При всей своей актуальности подобные воззрения должны быть уточнены. Опираясь прежде всего на институт литературы, на ее формы, модусы, психические структуры, в которых она представляется, они недооценивают — особенно со стороны Германии — материальные реальности и условия, то есть глубинный ритм истории. А главное, они констатируют, но не объясняют или объясняют лишь частично. Между тем в данном случае любая, скажем социологическая, религиозная или культурная, гипотеза оказывается недостаточной: ведь Англия и Испания, две централизованные монархии, одна англиканская, другая католическая, не знали подобной эволюции в области литературы или культуры. А федеральная, но католическая Италия, долгое время стремившаяся, как и Германия, к трудноосуществимому единству, тем не менее во многих областях отличается от последней.

Итак, подобные попытки объяснения[67] можно упрекнуть в недооценке исторического измерения — и прежде всего в забвении того факта, что если в первом случае история обрела ощутимую реальность в нации, государстве и культуре, то во втором случае она по-прежнему воплощает в себе предмет исканий, некий идеал или же грядущее. Отсюда немецкая рефлексия о государстве (у Канта, Гегеля или Маркса), чья цель в плане политики сравнима или, по крайней мере, дополнительна к той, что преследуется эстетиками в плане искусства: определить ту территорию, где становится возможным или даже оправданным совместное бытие. Однако следует напомнить: государство — это не нация; оно либо вырастает из нее (по примеру Франции), либо предшествует ей и подготавливает ее (в случае Германии). Так же обстоит дело и с литературой, отсутствие которой как института следует понимать в свете немецкой национальной истории, вновь и вновь начинаемой заново, от Гегеля до Хайдеггера, истории идеализированной, одним словом, диалектизированной[68]. Наконец, отсутствие нации-литературы (в том смысле, в каком Бродель писал о мире-экономике), литературы, ставшей национальной реальностью, а стало быть, и нации, обозначаемой своей литературою, — все это отражает отсутствие сложившегося корпуса ценностей, ритуалов, практик, знаков, отсутствие интеллигибельной или даже непосредственно переживаемой традиции. Ее утопия — утопия литературы — это также и утопия истории и нации, которых не удается обрести. Как писал Герман Глазен о культуре: alles das, was nicht ist — все то, чего нет[69].

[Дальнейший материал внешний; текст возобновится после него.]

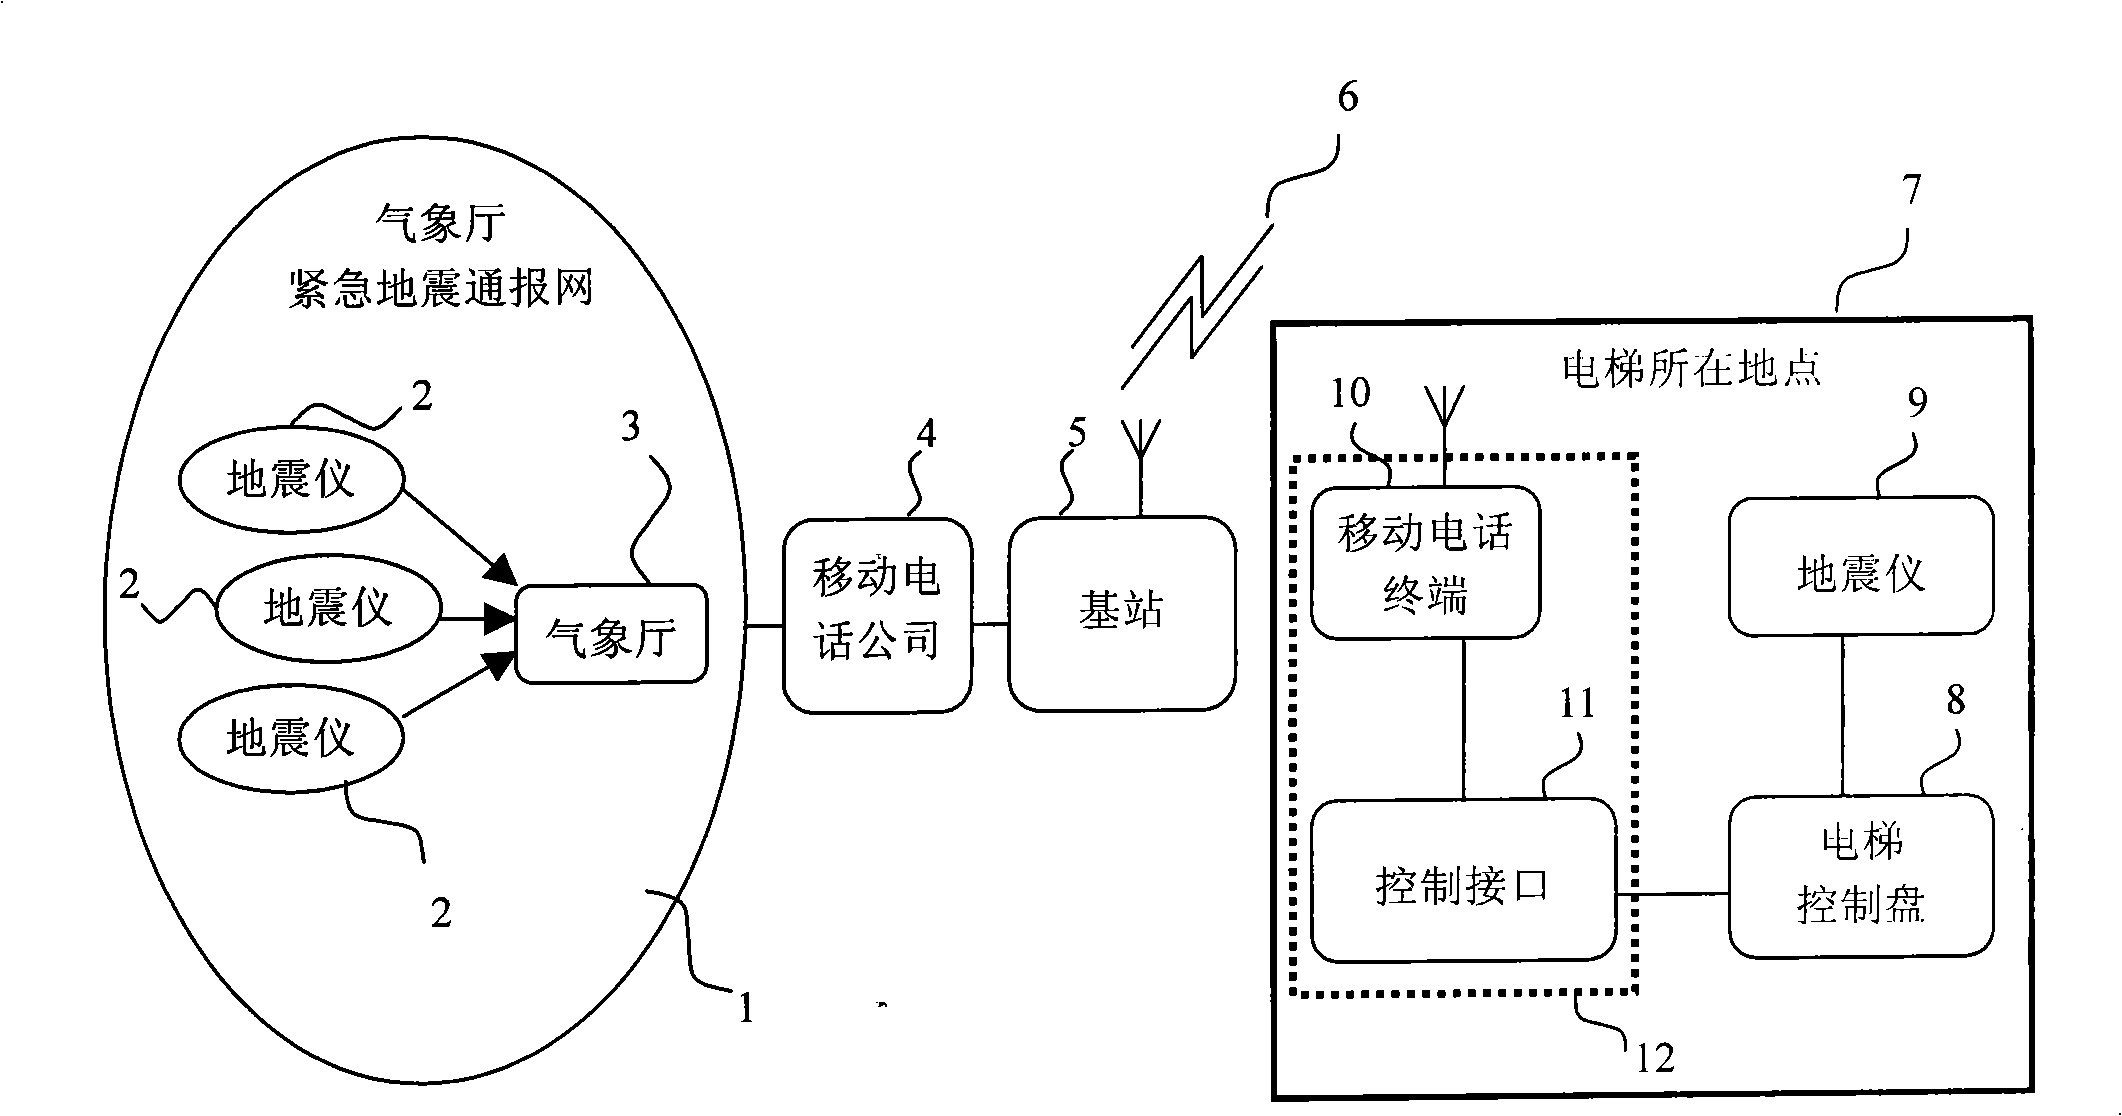 Control apparatus and refit method of elevator
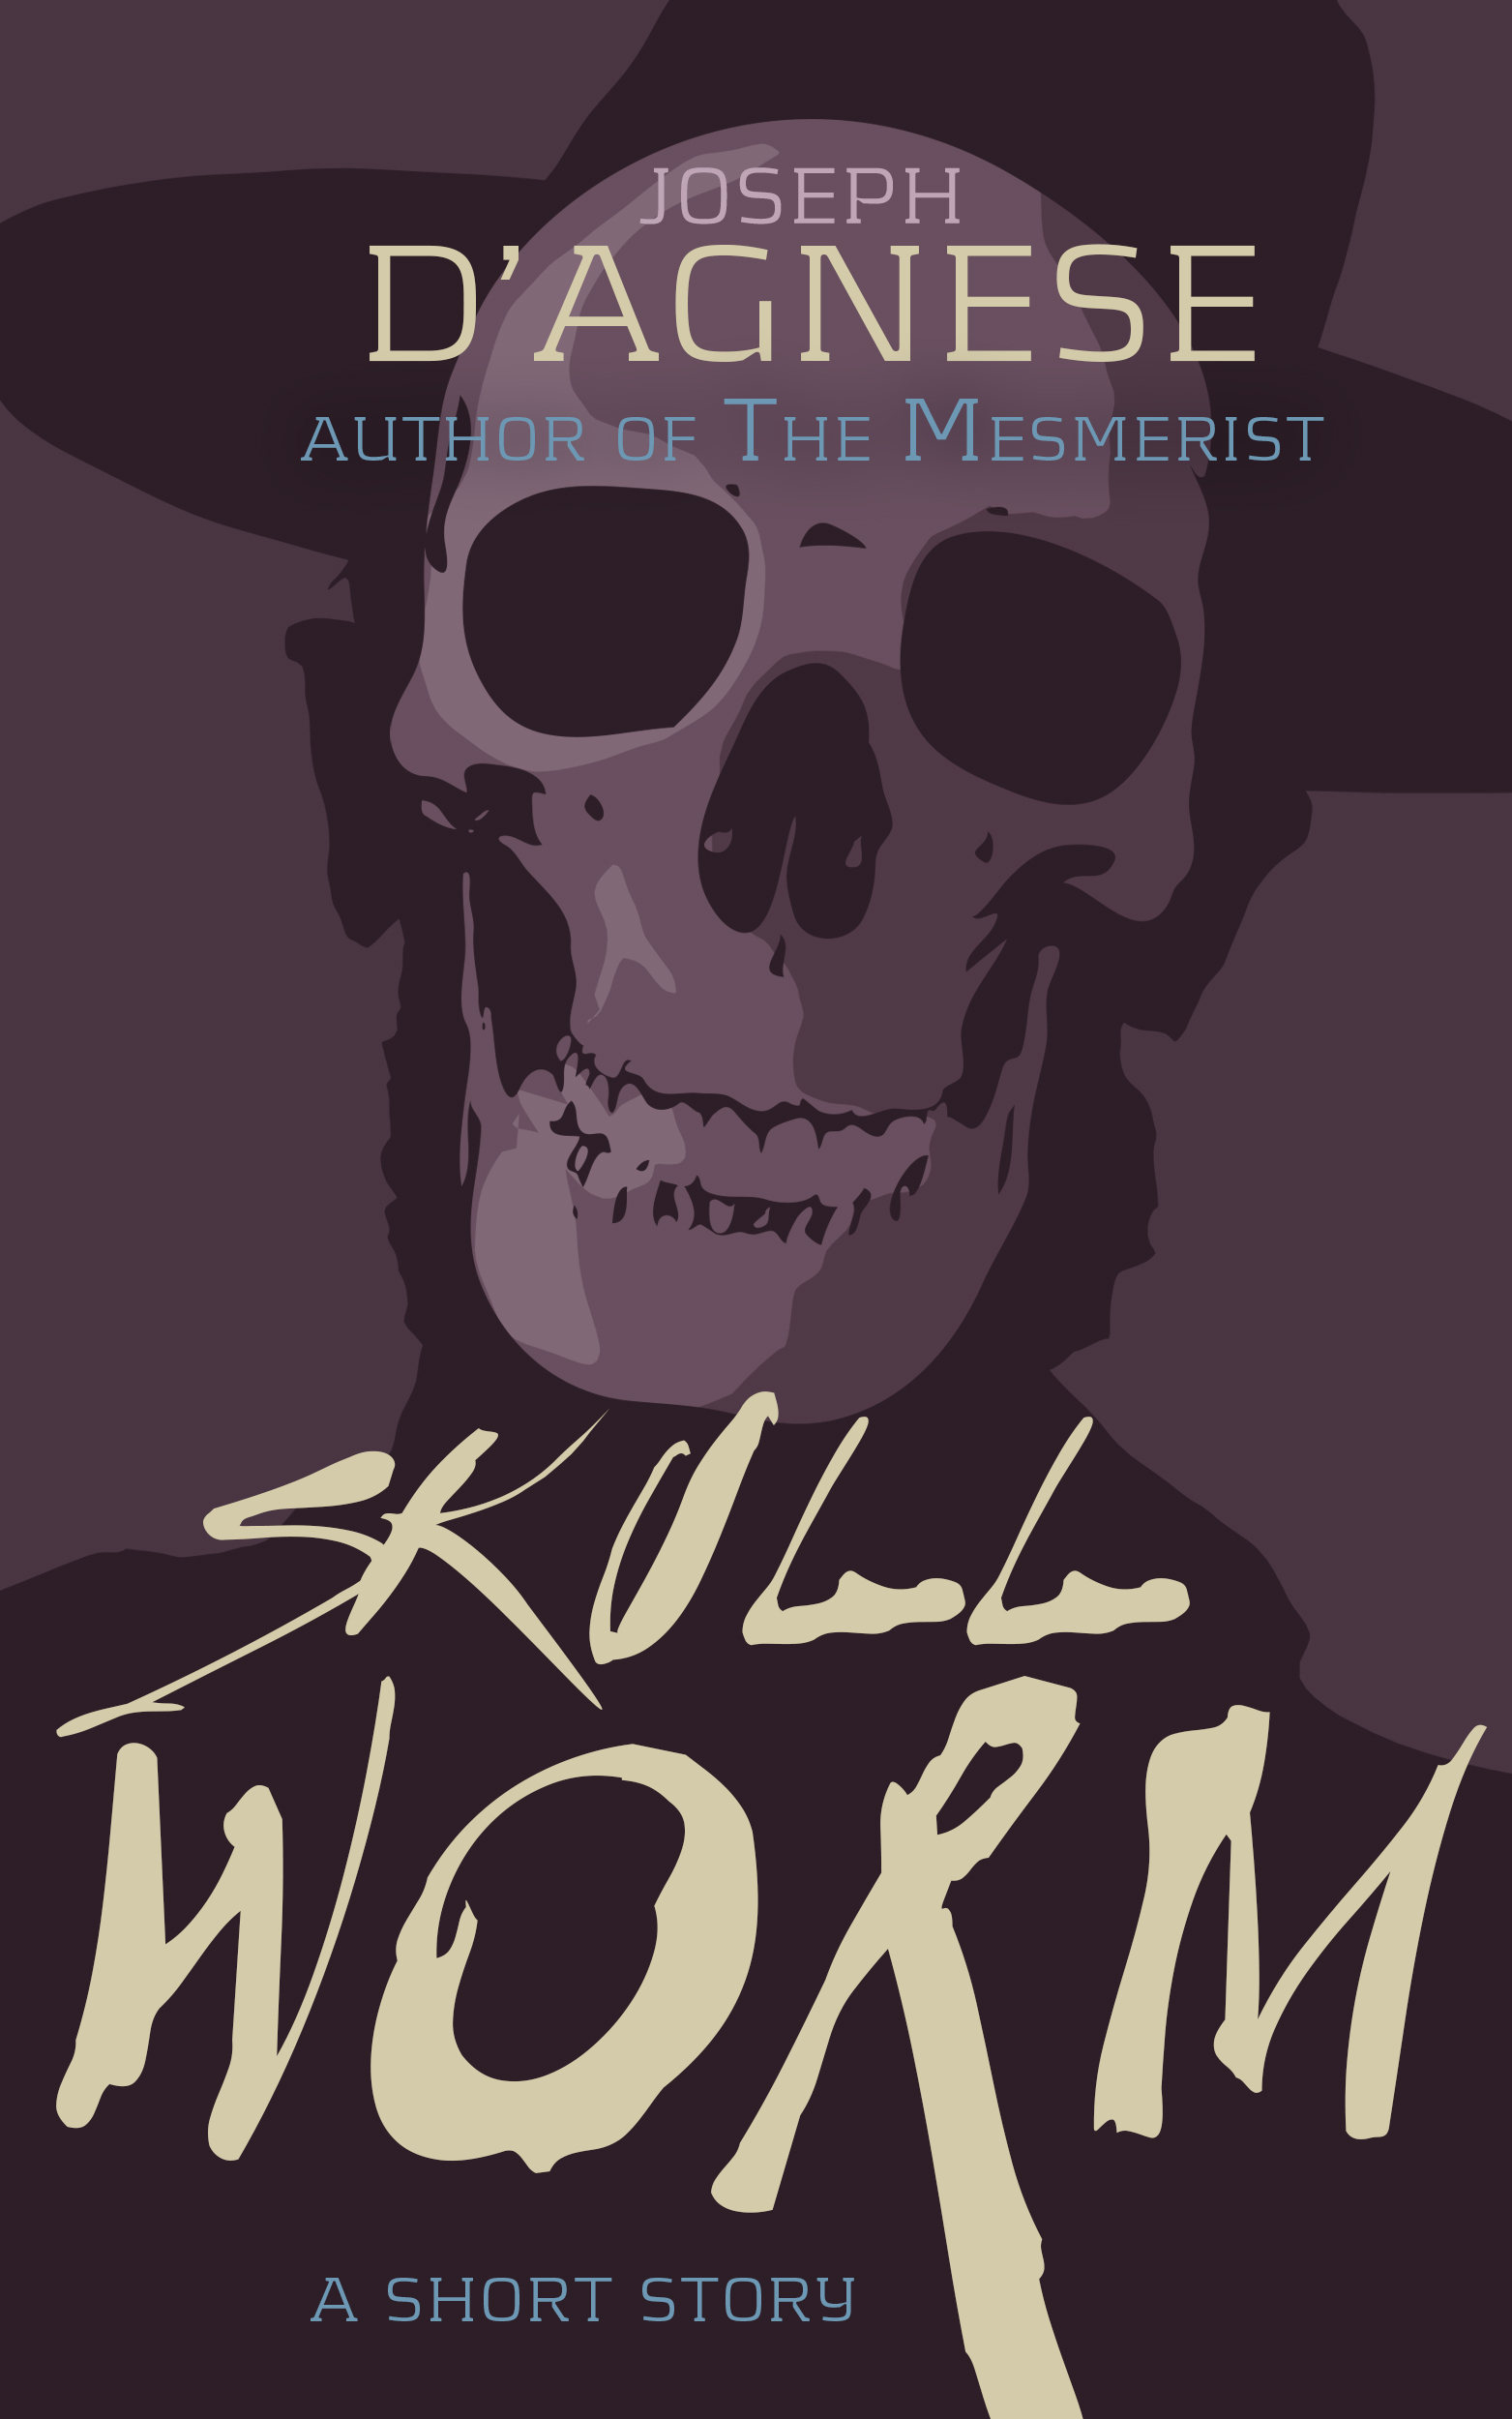 Skullworm by Joseph D'Agnese

В конечном счете решающую роль опять-таки играет историческое объяснение. Я могу лишь бегло наметить его, рискуя быть слишком кратким. Но иногда бывает полезно напоминать об очевидных, даже о самых простых вещах. Потом остается обставлять их фактами, датами, цитатами — одним словом, историей. Это уже другое дело! Итак, вместо заключения ограничимся таким замечанием: французская литература, классическая или нет, знаменует собой прежде всего некоторый свершившийся факт; немецкое же понятие о литературе, романтическое, идеалистическое или модернистское, совпадает с осознанием относительности любых человеческих мыслей и предприятий. Это рождение истории для себя самой, а также и его последствия в литературе (вообще в искусстве) прекрасно понимал Бенжамен Констан, еще один ценный наблюдатель франко-германских отношений: «Великой заслугой или великим счастьем немцев является то, что почти все они признают одну основополагающую истину, без которой ничего истинного нельзя открыть. Эта истина гласит, что в человеке все прогрессивно»[70].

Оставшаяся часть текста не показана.